Jeff Rients asked on google+
I think I want a firm mechanism for looting a hoard, in terms of how much time and effort it takes to ascertain relative values and quantities of all the treasure. Taken with wandering monster rolls, that would allow the party to choose between hastily grabbing the obvious shinies, rooting through for the best stuff or packing it all up to haul away.
Kirk Stone suggested
I think a work intensive (for you) but fun way to do this would be to have treasure items on seperate cards, especially with illustrations. The players can see all the cards at a glance and then have to decide what to take. Each takes up a certain amount of time to inspect/collect..
I think this has some potential.
Card-Based Looting
San Juan is a card game based on much the same premise as Puerto Rico. Most of the rules are not of interest here, but there is a mechanic that may be useful.
When certain actions are taken, players can take a number of cards, keeping some and discarding the rest. Various in-game improvements (buildings, whether or not the player is the one to have chosen the action) can change the number of cards drawn and/or kept.
This sounds like it could work as a treasure hoard pillaging system.

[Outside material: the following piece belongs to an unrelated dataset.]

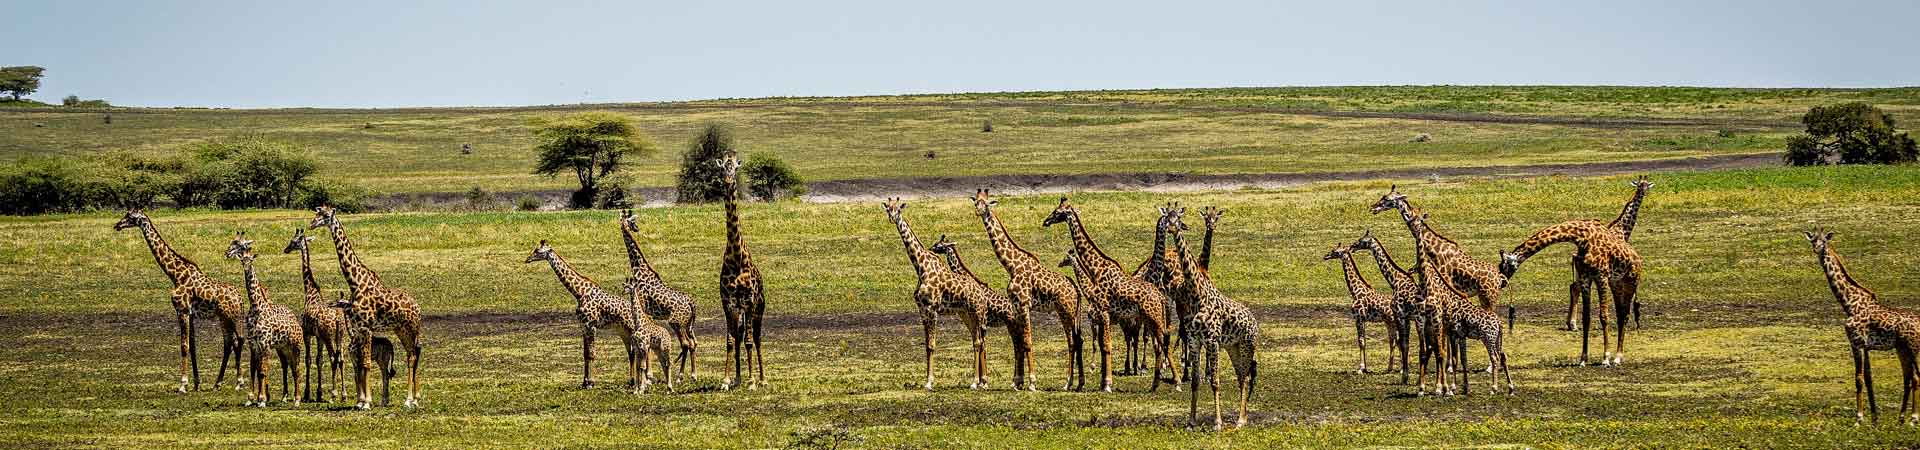 Giraffe at ndutu Safari

The hoard is represented by a number of cards, each containing lots of similar treasure (no way would it be reasonable to have a card for each coin… but one for each sack of coins could be reasonable). Major items may have their own cards as well.
Each turn spent pillaging allows a player to draw a number of cards from the hoard (modified by class, ability scores, skills, level, feats, and so on). Each player has only limited space in his backpack, though (again based on class, ability score, skills, level, feats, etc.). Any cards held at the end of the turn that are not in the backpack must be set aside to be reshuffled into the hoard. Each turn is a turn in game time, so in an OSR game might include a random encounter check.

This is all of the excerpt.